- Purpose: Diagnostic method

= Multiscale Dissociation Inventory =

Diagnostic assessment

The Multidimensional Inventory of Dissociation (MID), or Multiscale Dissociation Inventory is a comprehensive, self-administered, multiscale instrument developed by Paul F. Dell. It is designed to assess the domain of dissociative phenomena. The MDI measures 14 major facets of pathological dissociation and uses 23 scales to diagnose dissociative disorders.

== Dissociation ==

Dissociation is a term used to describe the disconnection between mental processes that are ordinarily integrated, including disconnection of the conscious self to physical sensations, emotional reactions, or behaviors. For example, an individual may show dissociative symptoms by displaying no reaction to the death of a valued loved one, by noting that life feels unreal, by disowning all or part of the body, or by claiming amnesia for an important event or an aspect of life.

== Assessment ==
The MDI was designed for clinical research and for diagnostic assessment of patients who present with a mixture of dissociative, post-traumatic, and borderline symptoms.

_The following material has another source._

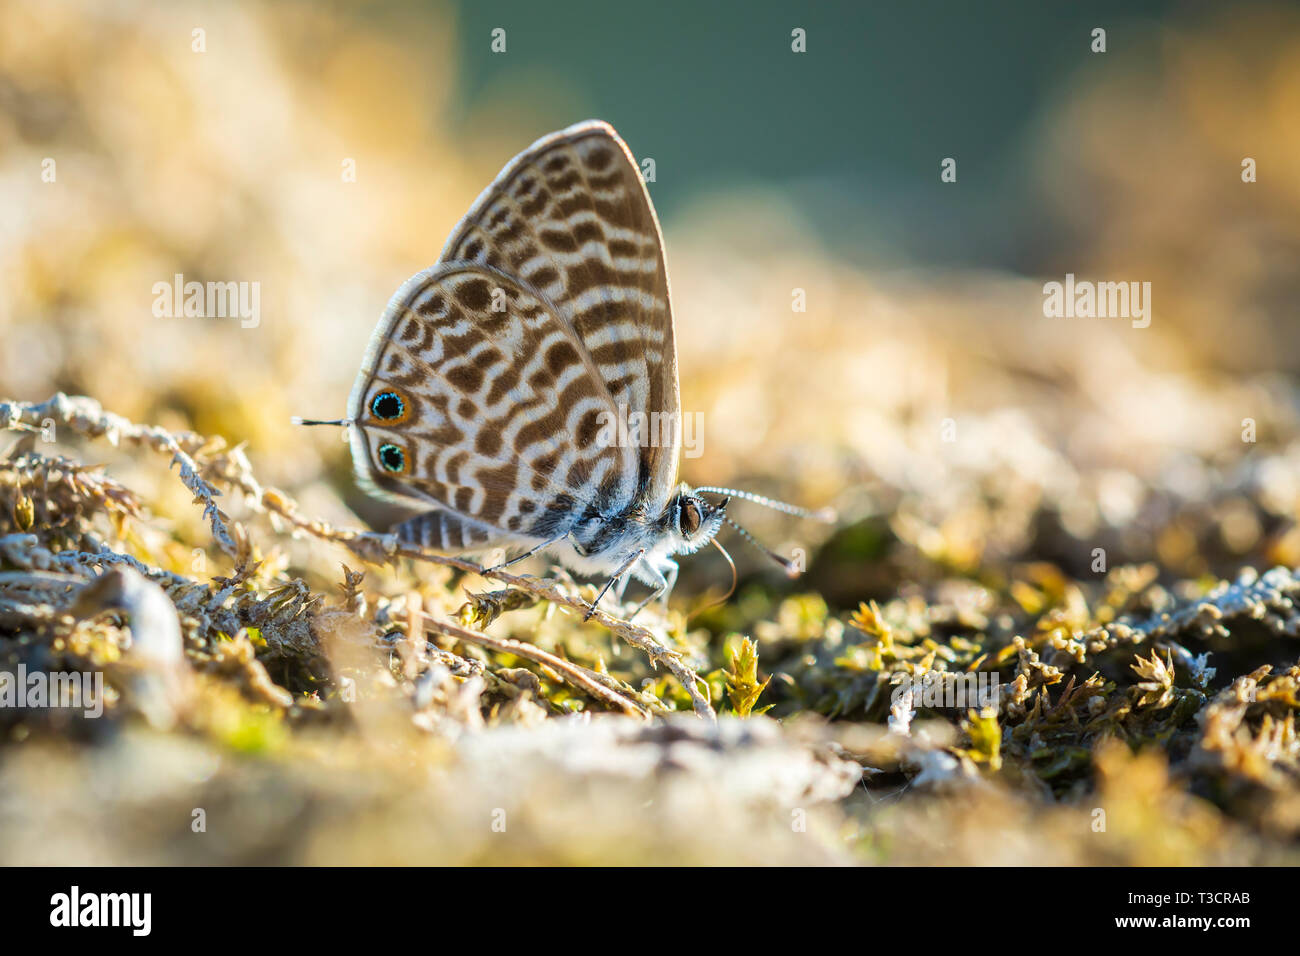 pea blue or long-tailed blue butterfly, Lampides boeticus, resting in a meadow Stock Photo
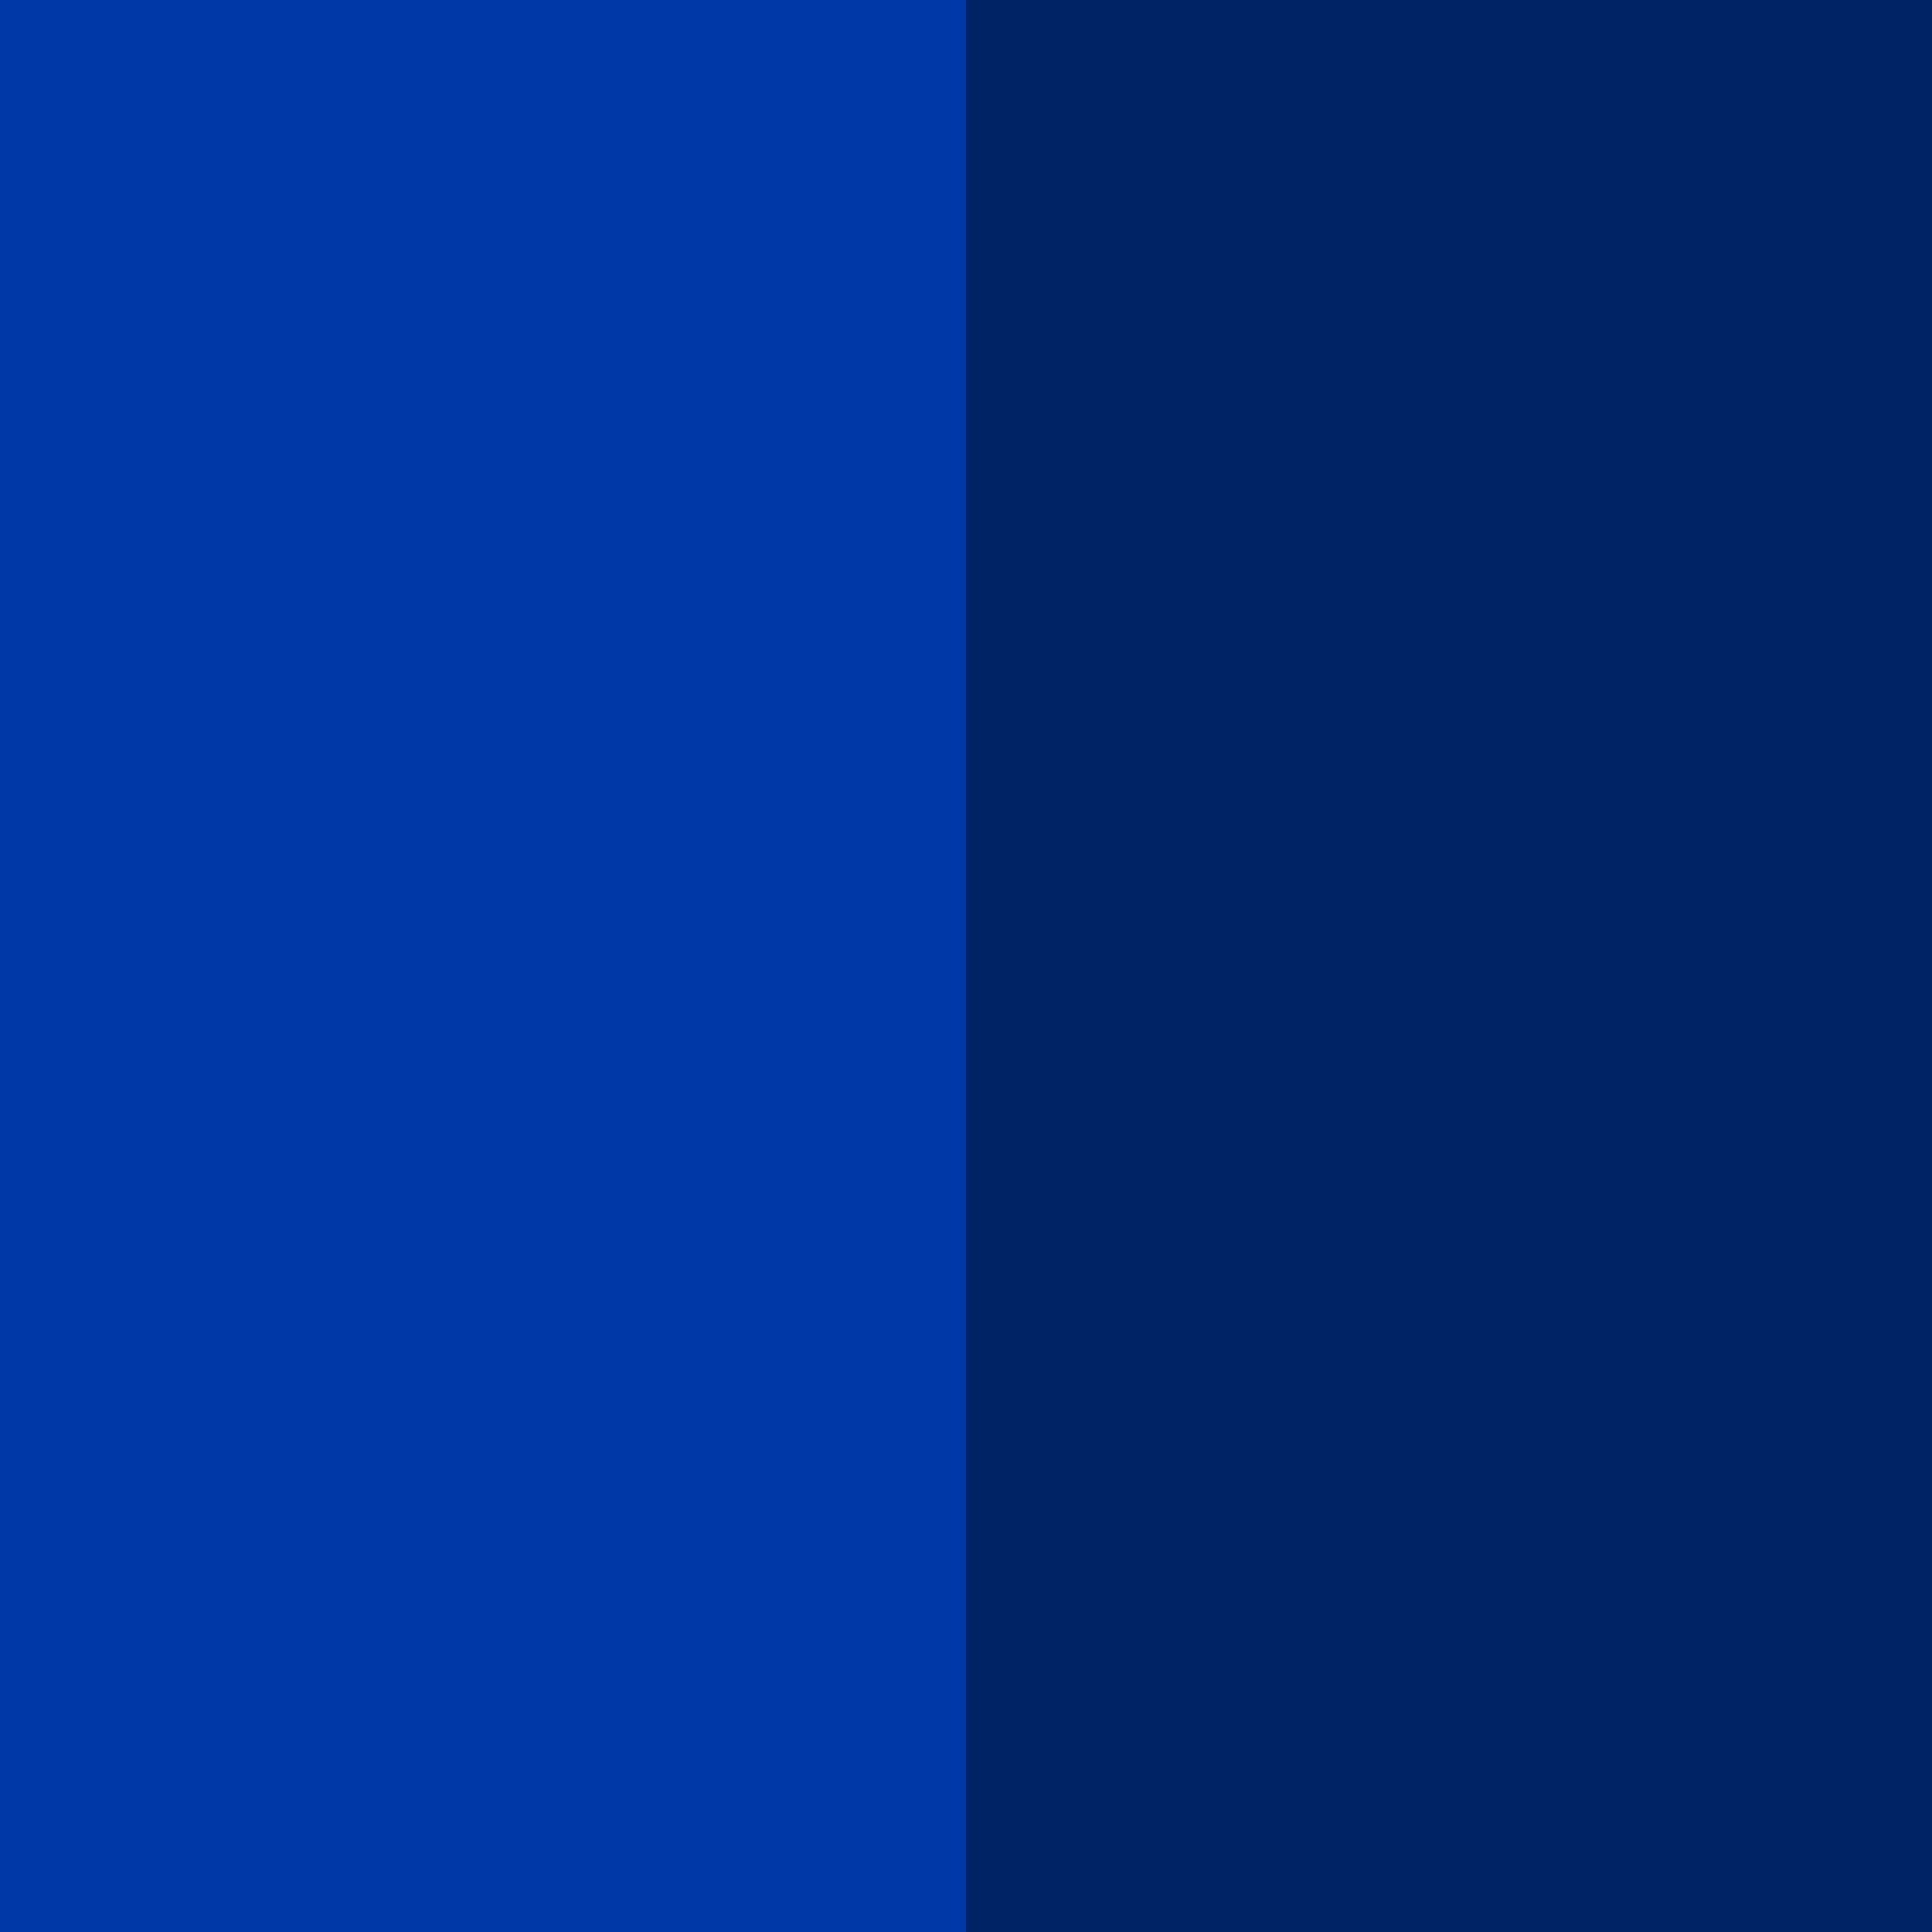 Two Color Wallpaper Free Two Color Background - Royal blue background, Royal blue wallpaper, Blue background

Compared to other methods to assess the domain of dissociative identity disorder phenomena, MDI demonstrates internal reliability, temporal stability, convergent validity, discriminant validity, and construct validity. Specifically, MDI exhibits incremental validity over the Dissociative Experiences Scale (DES).

MDI aims to achieve internal consistency and provide both convergent and discriminant validity, by exerting a 5-factor structure of the MDI, which includes disengagement, identity dissociation, emotional constriction, memory disturbance, and depersonalization/derealization.

The inclusion of the Multiscale Dissociation Inventory (MDI) in clinical practice can be useful in populations known to be vulnerable to complex trauma.